= Suicidal empathy =

Theory of pathological and excessive empathy

Suicidal empathy is a purported phenomenon in which excessive, misdirected and pathological forms of empathy are destructive for the party that exhibits them. Proponents of the concept claim it happens through prioritizing compassion before commitment, understanding before alignment, and most simply -empathy over logic and long-term consequences.

== Etymology and popularization ==
The term was coined by Canadian marketing professor Gad Saad in his book Suicidal Empathy: Dying to Be Kind. According to Saad, suicidal empathy is the inability to implement optimal decisions when one is psychologically conditioned to prioritize empathy or displays of empathy over a rational course of action.
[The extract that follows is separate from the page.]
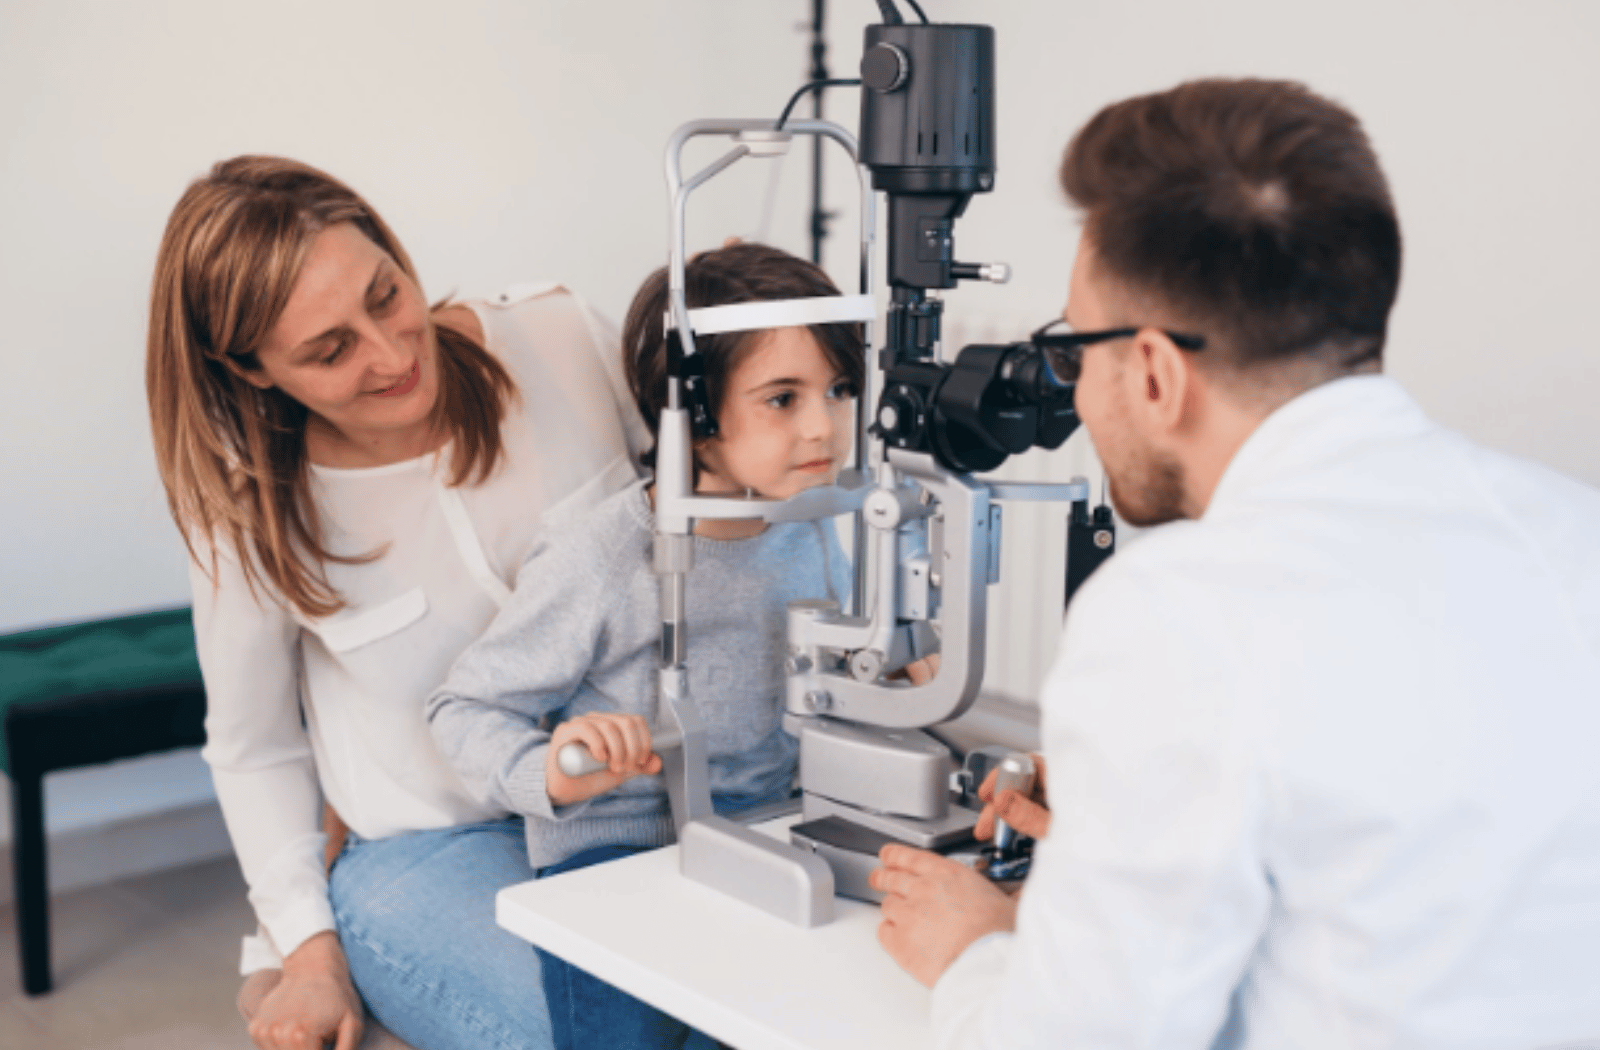 A male optometrist examines a little boy's eyes while the mother smiles.
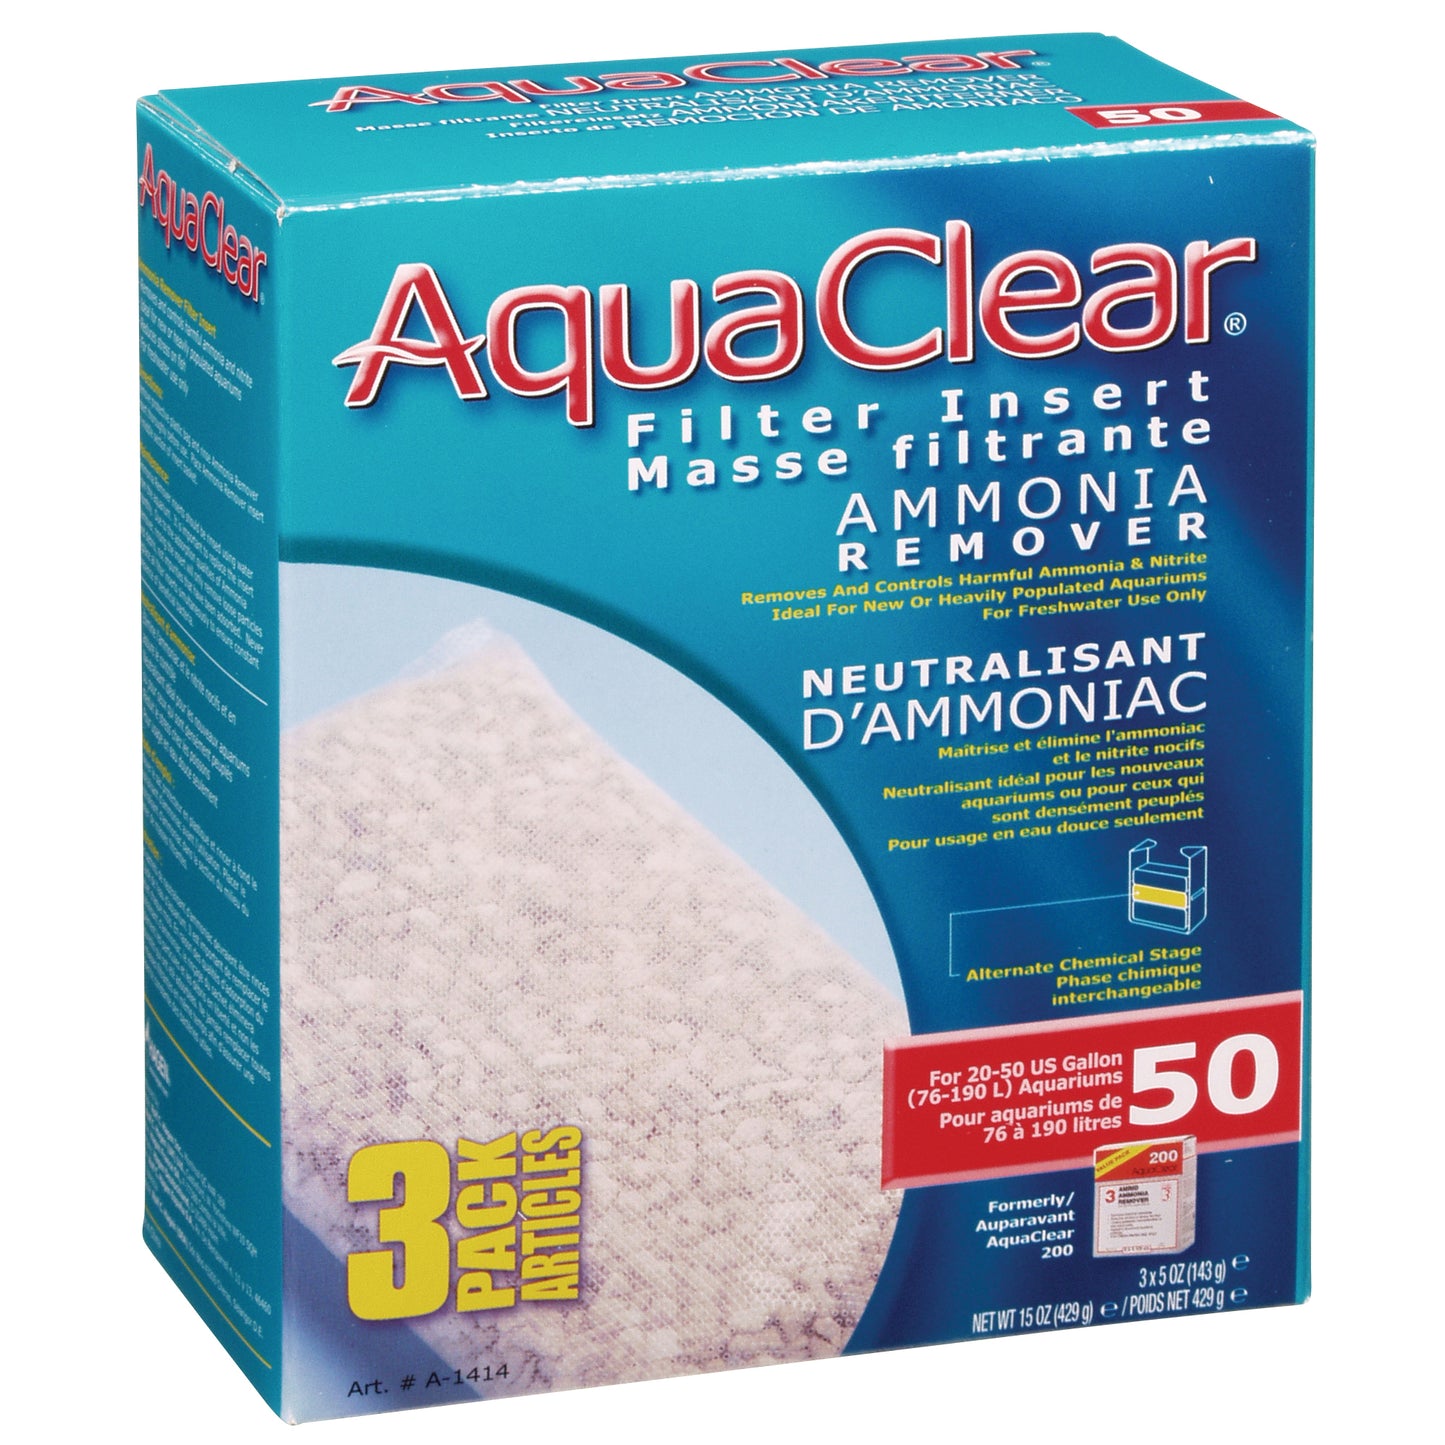 AquaClear Ammonia Remover Filter 3 Pack

He argues that suicidal empathy prioritizes minority groups such as illegal immigrants at the expense of survival and security of one's own groups and values. For example, Saad argues that in the United States, soldiers fighting for the country receive much less empathy than immigrant gang members. He associates the concept with the morals of Aesop's fables The Farmer and the Viper and The Scorpion and the Frog.

The Wall Street Journal linked Saad to Elon Musk, claiming the two had a 'public bromance'. Musk's usage of the term popularized it. In a 2025 interview with podcaster Joe Rogan, Musk uses the phrase "civilizational suicidal empathy" to refer to the alleged corrosion of American culture. According to Musk, suicidal empathy refers to weaponized empathy to bring about political and policy modifications.

== Usage ==

The term is sometimes used by right-wing commentators and Christian nationalist figures to criticize empathy toward groups such as immigrants and non-white racial groups. In this context, it is sometimes linked to the Great Replacement conspiracy theory.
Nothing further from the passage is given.